With the increase in consumer interest in food safety, in this study, we aimed to investigate the antibacterial effect of peraceic acid (A, B, and Daesung; 50-200 ppm) and sodium hypochlorite disinfectants on chicken carcasses and contaminated water, respectively, and changes in the appearance of chicken carcasses. Considering the antibacterial effect of each disinfectant concentration, the most significant antibacterial efficacy was observed for general bacteria and Escherichia coli at 200 ppm regardless of disinfectant type. Considering the disinfectant type at 200 ppm, sodium hypochlorite was the least effective, and peracetic acid A showed the highest antibacterial efficacy at all concentrations. In chicken carcasses, 200 ppm of peracetic acid A exhibited the highest bacterial reduction rates of 92.7% and 89.3% for general bacteria and E. coli, respectively; in contaminated water, 200 ppm of peracetic acid A exhibited a significantly higher reduction rate (p<0.05).
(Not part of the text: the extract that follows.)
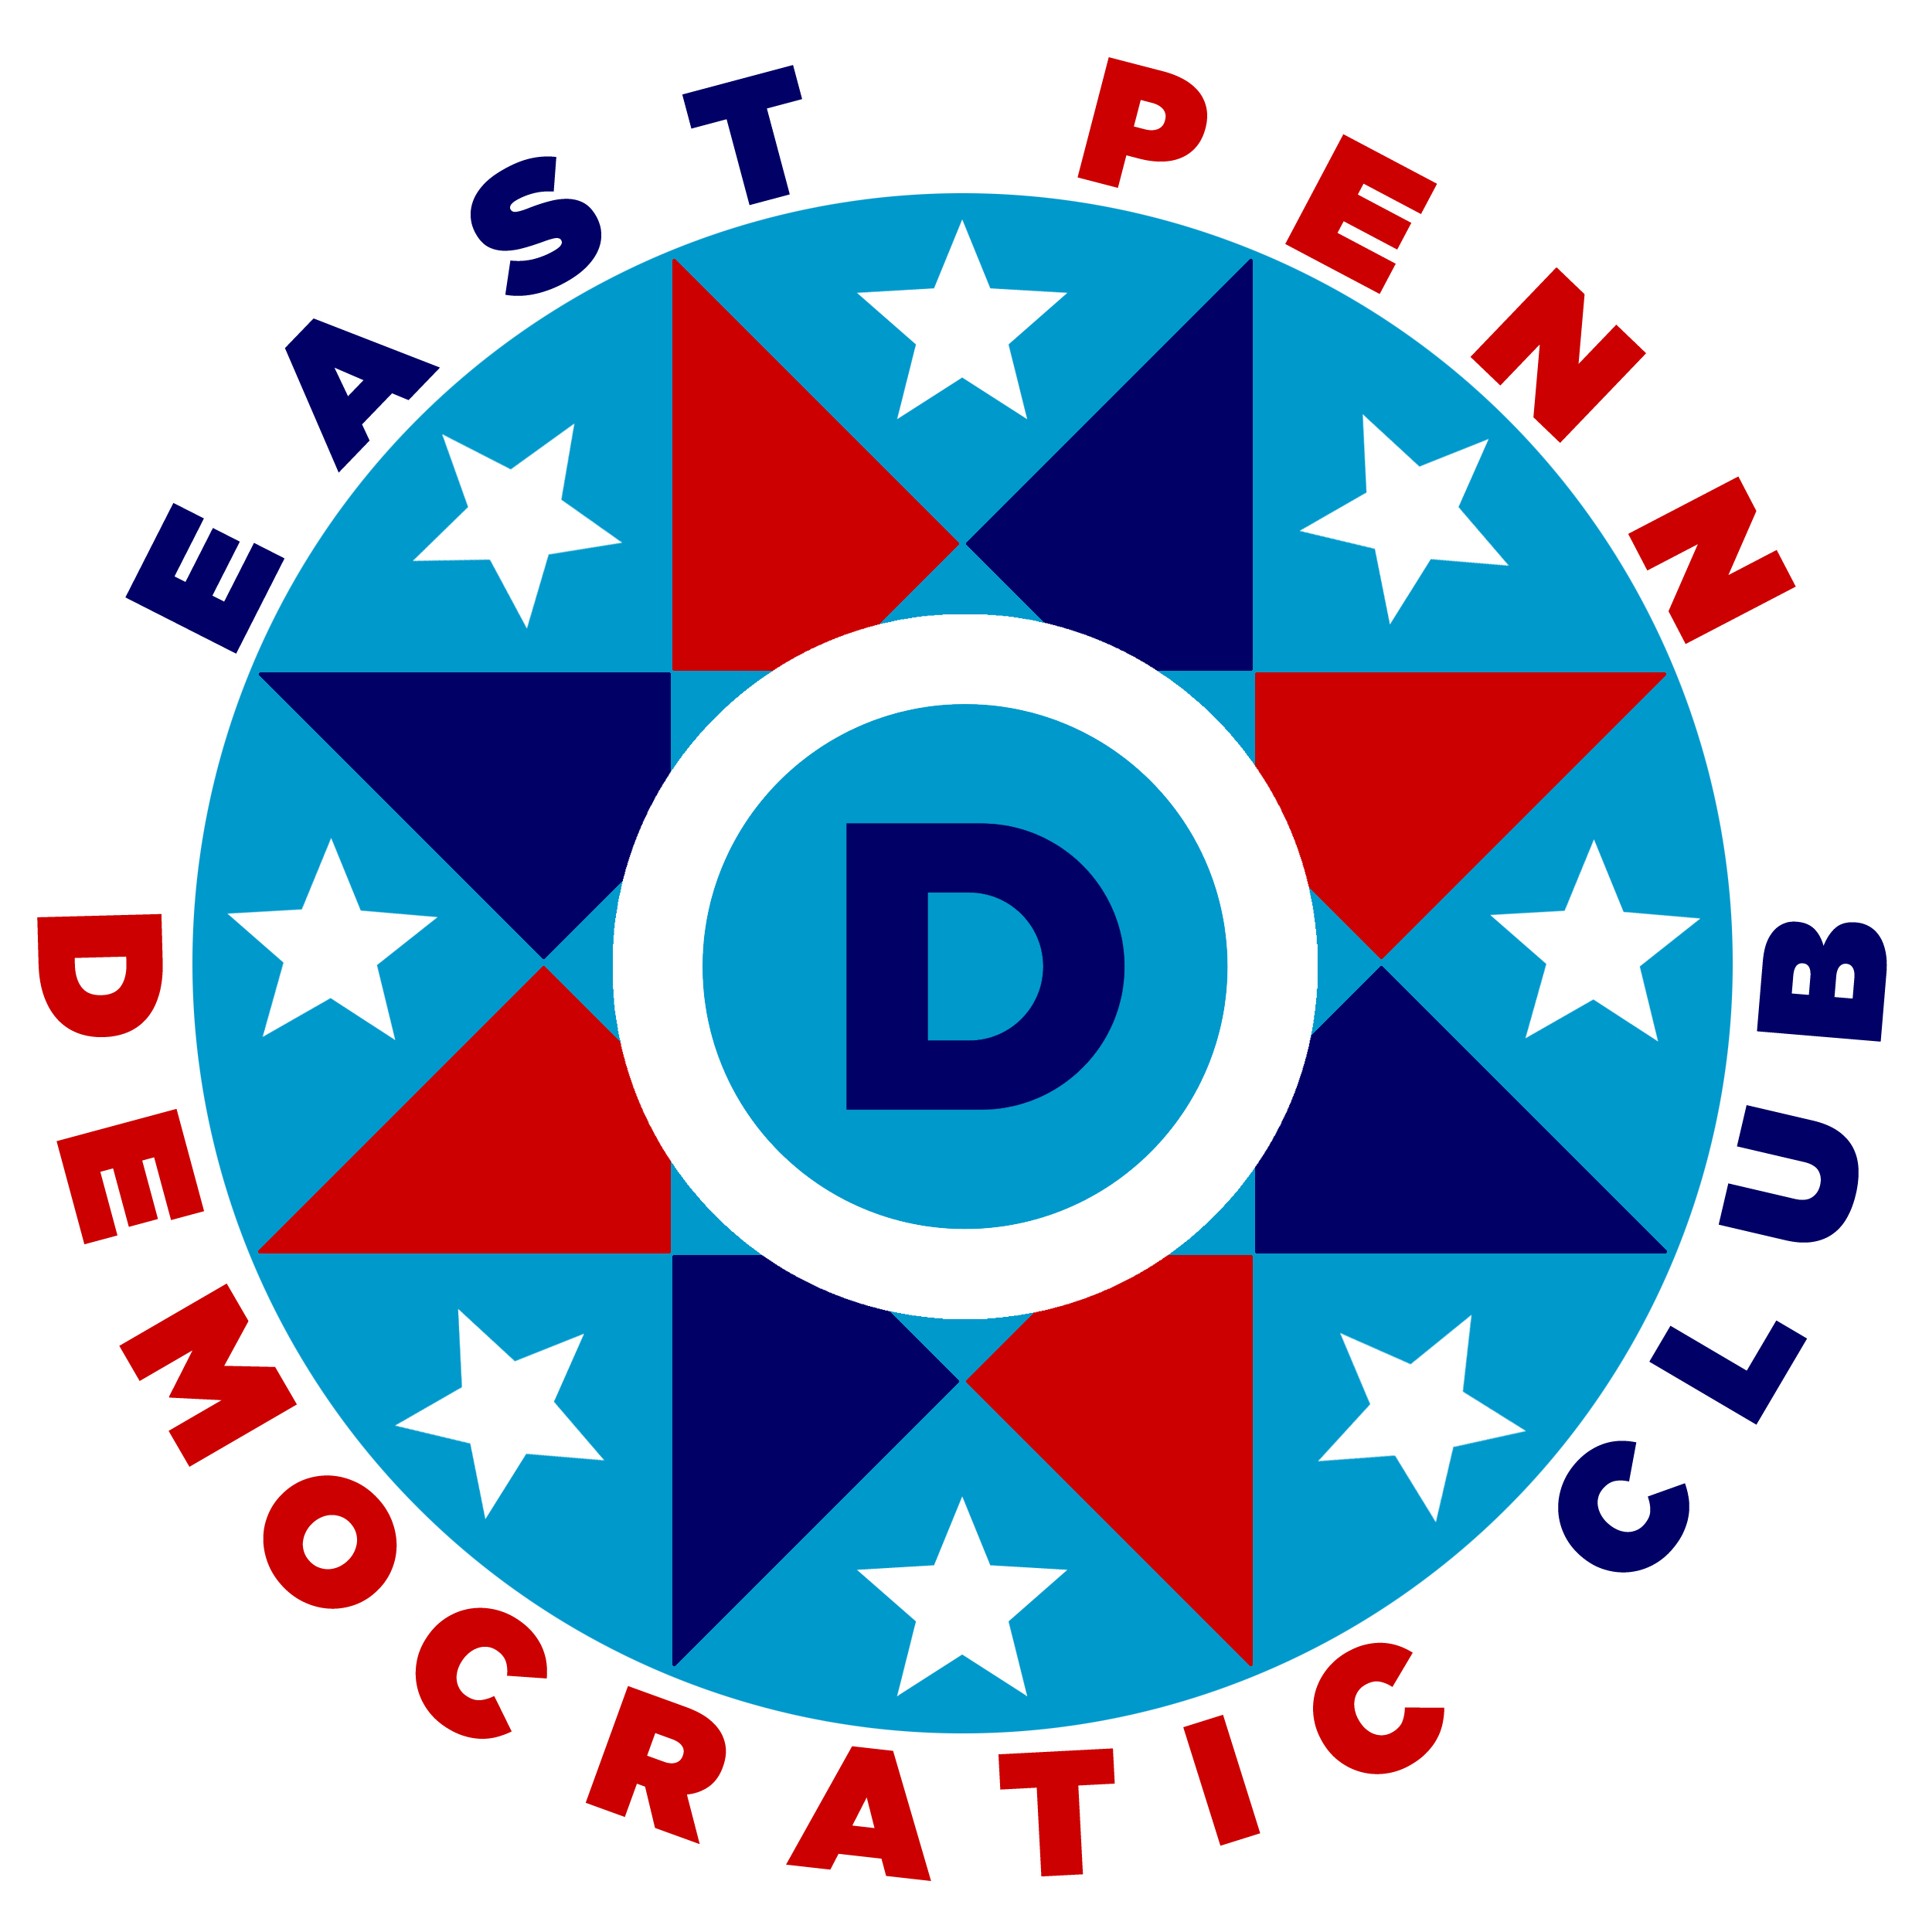 East Penn Democratic Club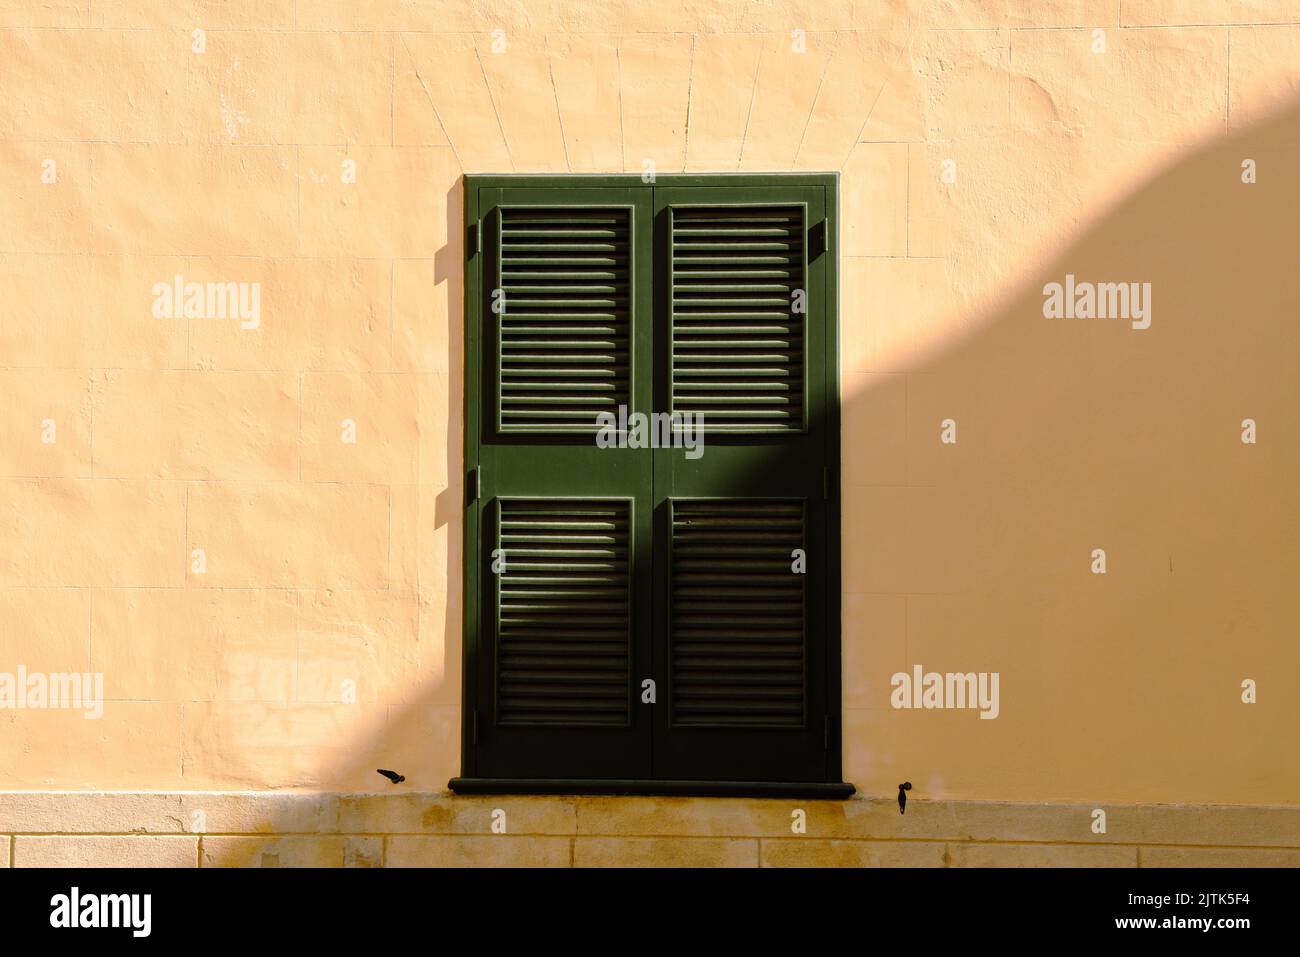 Tradicional ventana española con persianas a la luz del sol de la mañana Foto de stock

Salmonella was negative throughout the experiment, and discoloration of the neck and tip was observed for peracetic acid A and peracetic acid (Daesung) at 100 ppm and peracetic acid B at 150 ppm. Sodium hypochlorite did not cause discoloration at any concentration. Flavor analysis indicated that 100 ppm of peracetic acid A exhibited olfactory characteristics similar to those of 100 or 150 ppm of sodium hypochlorite. In conclusion, 50 ppm of peracetic acid A was adequate for use in poultry processing plants.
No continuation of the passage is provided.